Skymont then has deeper queues and more out-of-order resources, letting it keep more instructions in flight to hide cache and memory latency. Doing so is vital to taking advantage of the wider frontend and renamer. Squinting at the slide suggests it says Skymont has a larger out-of-order scheduler and bigger physical register files. I can’t figure out what the last two lines say. But reordering capacity is limited by whatever resource runs out first, so it’s reasonable to assume Intel increased other structure sizes to keep things in balance.
Structure | Goldmont Plus (GLP) | Tremont | Crestmont | Golden Cove |
Reorder Buffer | 93 entry | 208 entry 2.23x over GLP | 256 entry | 512 entry 2x over Crestmont |
Integer Register File | 82 entry | 168 entry 2.04x over GLP | 214 entry | 280 entry 1.3x over Crestmont |
FP/Vector Register File | 91 entry | 175 entry 1.92x over GLP | 207 entry | 332 entry 1.6x over Crestmont |
Load Queue | 24 entry | 64 entry 2.6x over GLP | 80 entry | 192 entry 2.4x over Crestmont |
Store Queue | 26 entry | 42 entry 1.61x over GLP | 48 entry | 114 entry 2.3x over Crestmont |
Tremont massively increased structure sizes compared to Goldmont Plus. Those increases likely played a large role in its huge 30+% IPC gains. If Skymont gets similar increases, its structure sizes would be very close to Golden Cove’s.

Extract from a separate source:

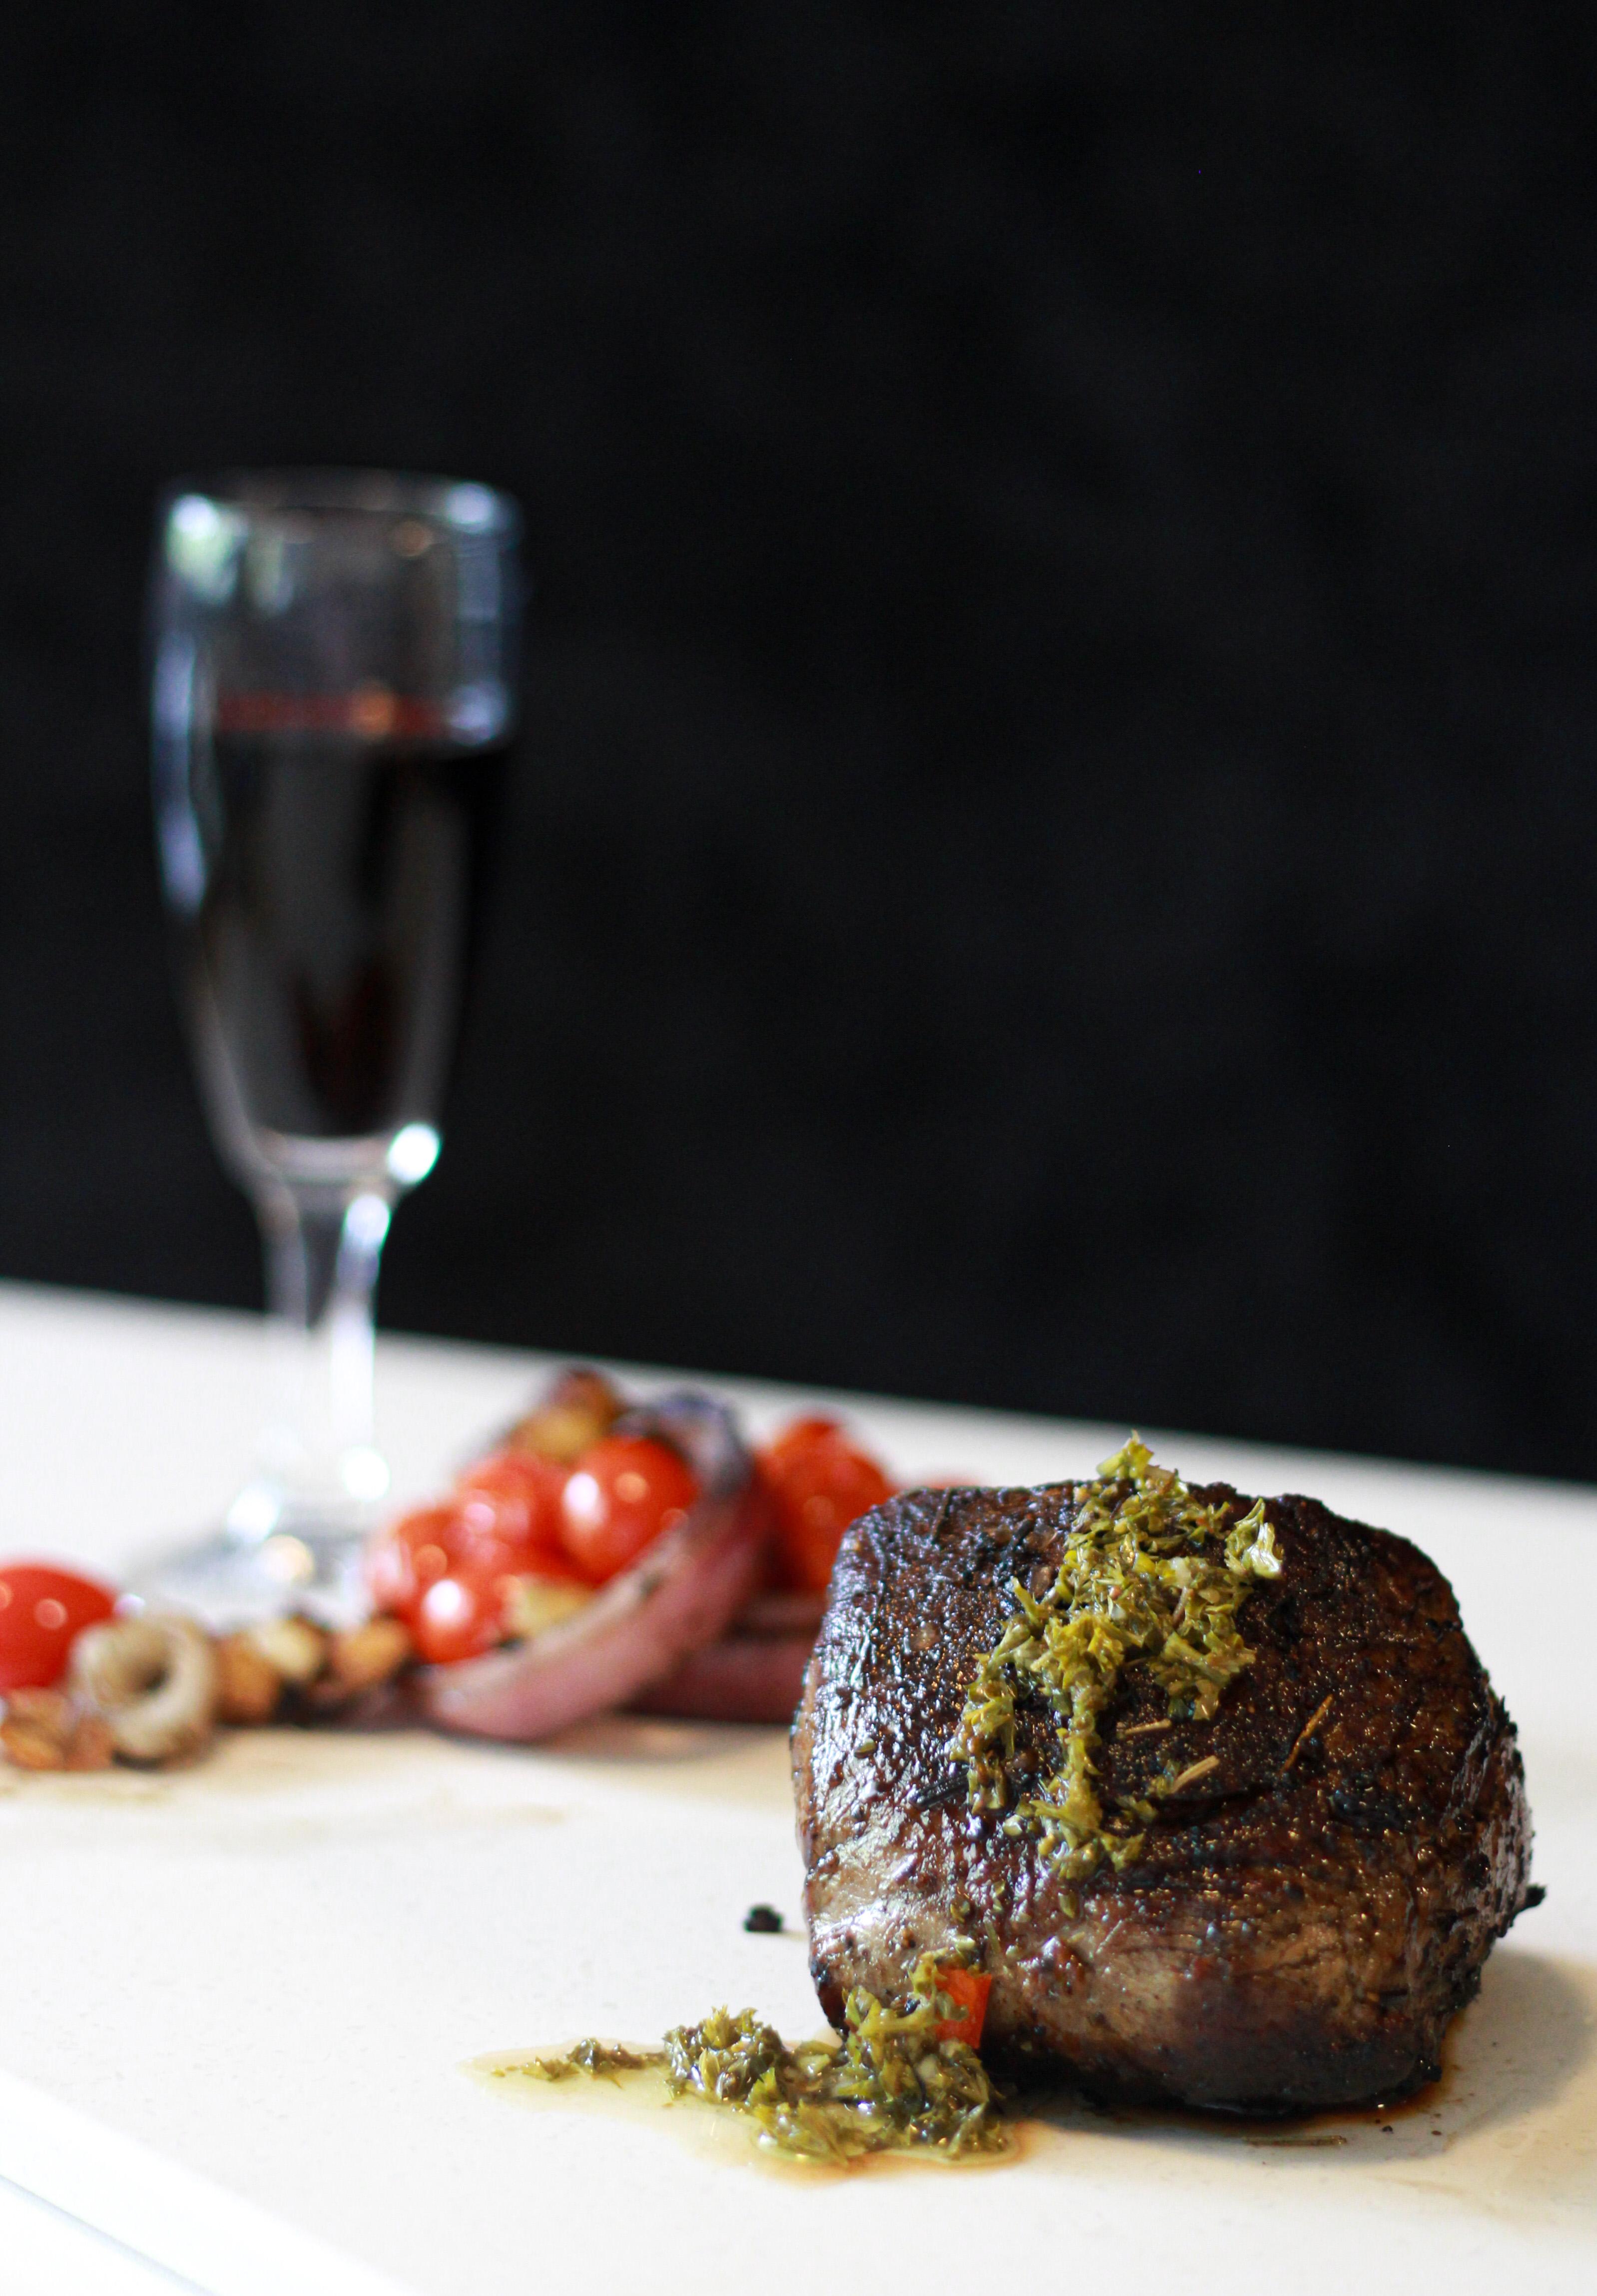 Alcohol tasting with Medium Rare Steak

The 8th slide has another “16-wide” point. I don’t know what that refers to, but one guess is execution port count. Gracemont and Crestmont already had 17 execution ports. Perhaps Skymont has similar execution width, with one less-used port cut to control power and area. Or, Intel could simply be counting execution ports differently.
The 5th slide shows Skymont’s rough execution layout, though there are too few pixels to establish anything concrete. If the dark blue area is the FP/vector side though, Skymont might have twice as many FP/vector math execution ports compared to Crestmont. The slide text certainly seems to say either “Double vector & FP Throughput” or “Double vector & AI Throughput”. Both would be consistent with doubling execution pipe count, since AI benefits from vector execution too. That could contribute to Skymont’s large FP performance gain, if that’s what the 68% figure points to.
Final Words
Intel’s Atom line has grown to be an important component of the company’s CPU strategy, with E-Cores taking an increasingly prominent role. Skymont appears to be another step in the same direction. Massive performance per clock increases would bring Skymont closer to achieving P-Core performance, particularly if power and thermal constraints prevent P-Cores from reaching their very high boost clocks.
If Skymont is improving performance by going for large IPC gains instead of clock speed increases, it does mirror Apple and Arm’s strategy. Apple and Arm have kept clock speeds relatively low while implementing ever larger out-of-order execution engines. That strategy has served them well in very power constrained devices like fanless tablets and cell phones. I’m looking forward to seeing how Skymont stacks up.